Thanks untuk Vote dan Komennya!!!!
Happy Reading!!!
***
"Terimakasih, Dam. Kalau bukan karena kamu aku pasti akan kehilangan hak asuh Silfa." Adelia mengulurkan tangannya pada Damar.
Damar menyambutnya uluran tangan itu, "Itu memang sudah tugas aku sebagai pengacara. Kalau begitu lebih baik kita berpisah disini." Dia harus segera pulang, Delia sudah menunggunya di apartemen.
"Tunggu dulu." Adelia menghentikan Damar yang hendak pergi. "Aku harus menjemput Silfa, tapi keluarga Andri tidak mungkin memberikan Silfa pergi denganku. Bisakah kamu membantuku?" Damar hendak menolak namun Adelia kembali berbicara, "Bukankah ini masih bagian dari tugasmu?"
Damar berpikir sebentar sebelum akhirnya mengiyakan, dalam perceraian kadangkala ada saat ketika pihak memenangkan hak asuh justru sulit bertemu dengan anakny, apalagi Andri memiliki cukup kuasa untuk melakukan itu.
Damar menyetir mobil dengan fokus, melirik jam tangannya. Pukul 12.15, masih ada cukup waktu sehingga dia tidak perlu terlambat pulang.
"Hubunganmu dengan Delia baik-baik saja?" Adelia memulai pembicaraan di mobil yang hening.
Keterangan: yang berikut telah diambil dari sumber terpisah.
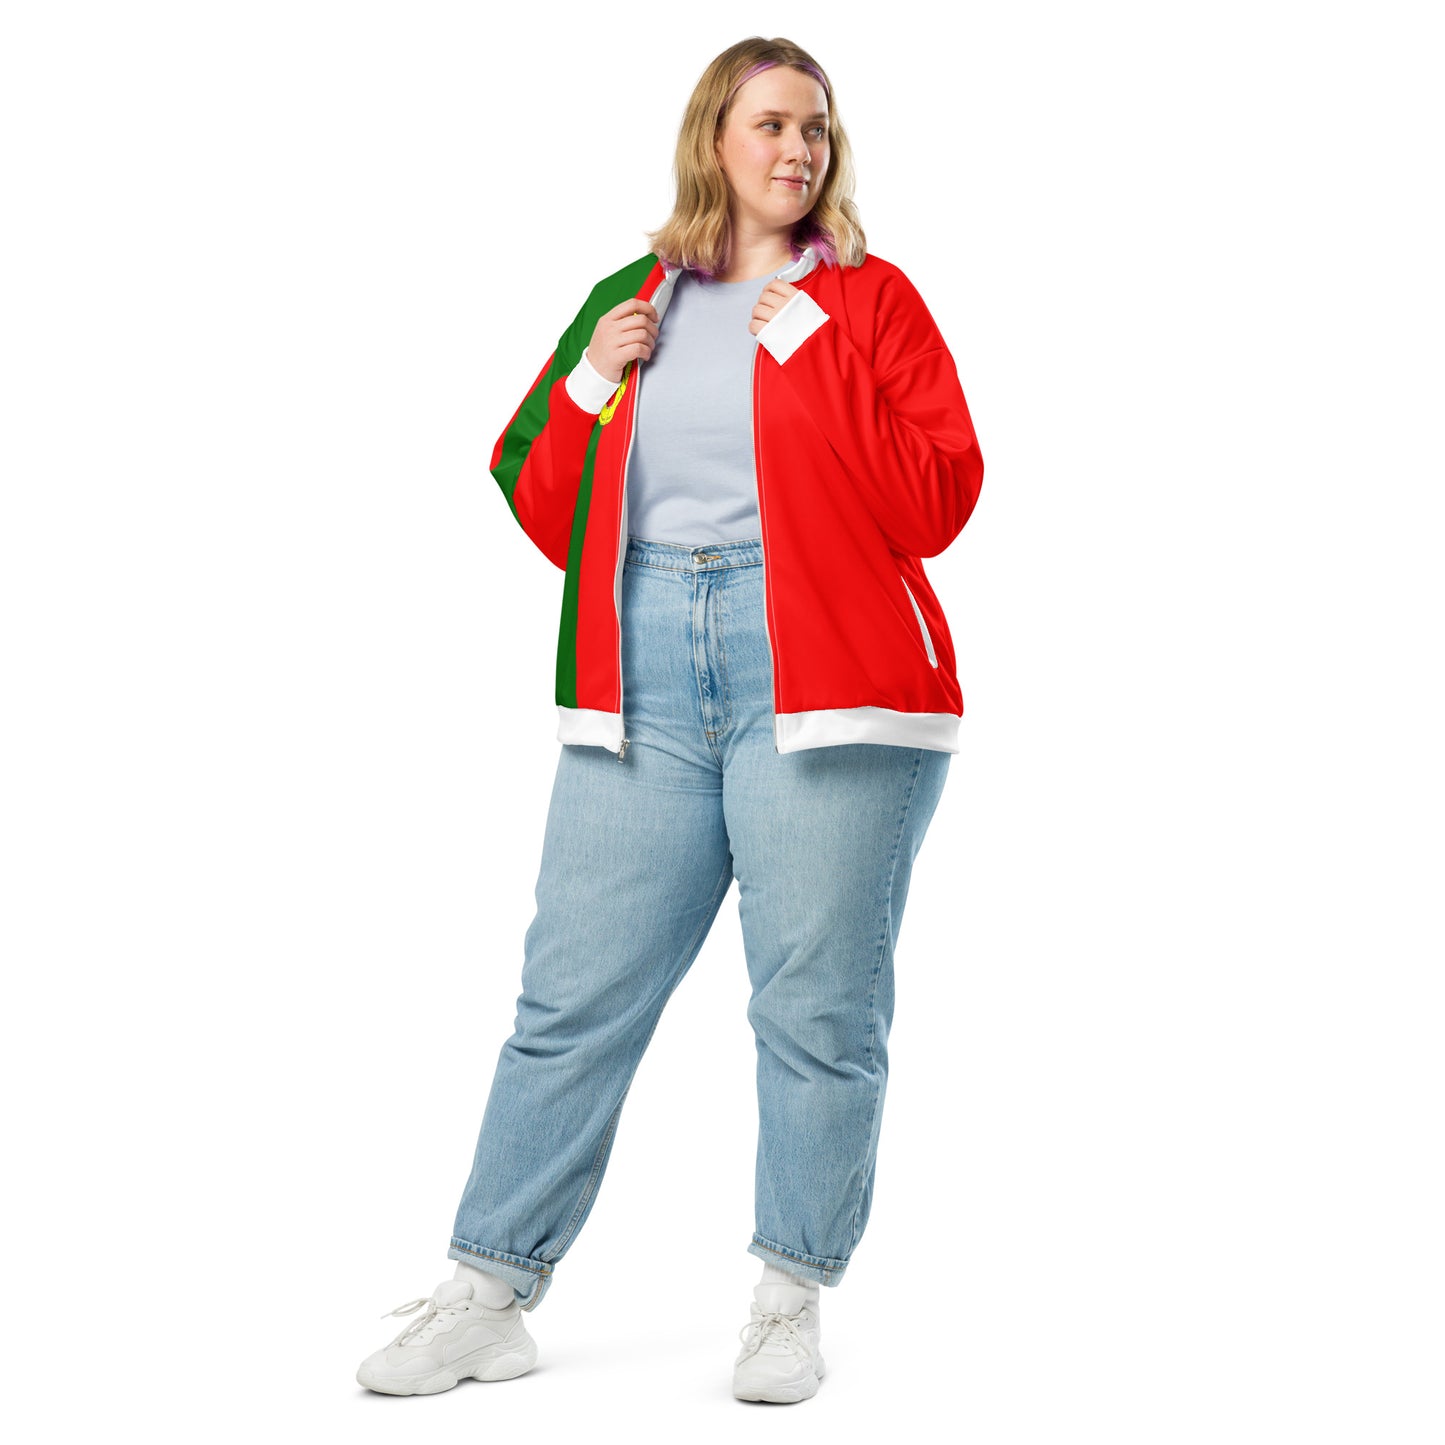 Portugal Team Spirit Jacket: Stand Out from the Crowd

"Jangan membahas hubungan pribadiku." Damar tidak bermaksud kasar, namun topik tentang dirinya dan Delia tidak untuk diceritakan pada orang lain.
Adelia yang menerima respon dingin dari Damar hanya tersenyum sedih, memilih menghentikan pembicaraan. Akhirnya mereka mengemudi ke rumah Andri tanpa saling berbicara.
"Barang-barang Silfa yang lain akan kubiarkan saja, Ma." Adelia menatap mantan Ibu mertuanya yang menatap marah padanya.
"Berhenti memanggil saya seperti itu. Perempuan tidak tahu diri. Datang membawa selingkuhan untuk menjemput anaknya." Cemoohnya menatap Damar dan Adelia.
Damar mengernyit tidak suka, tetapi tidak membalas. Tidak ada gunanya.
Adelia juga tidak membalas lagi, tahu bagaimana sifat mantan Ibu mertuanya, "Silfa." Adelia memeluk putri kecilnya. "Ikut Mama ya." Adelia memeluk Silfa yang tampak pucat. Sepertinya dia sedang sakit.
Di dalam mobil Adelia duduk bersama Silfa yang tertidur, dia mengusap-usap rambut Silfa. "Apa menurut kamu aku egois dengan memisahkan Silfa dengan Ayahnya?"
"Aku tidak tahu. Hanya kamu yang bisa menilainya." Balas Damar.
"Kamu sangat dingin. Jadi ini yang dirasakan oleh orang-orang yang bicara denganmu." Adelia menampilkan wajah miris. "Jika aku bersikap tidak tahu malu dan meminta kamu yang bertanggung jawab atas kehamilanku saat itu, mungkin saja saat ini kita sedang berbahagia. Kamu, Aku, Silfa, mungkin juga dengan anak kita."
Damar tidak menjawab, dia tidak suka berandai-andai. Dulu mungkin dia akan berharap akan hal itu, tapi sekarang bayangan masa depannya hanya terbayang dengan sosok lain yang menghidupkan kembali tawa di hidupnya. Damar tidak berniat menukar sosok itu untuk bahagia yang hanya sekedar memori.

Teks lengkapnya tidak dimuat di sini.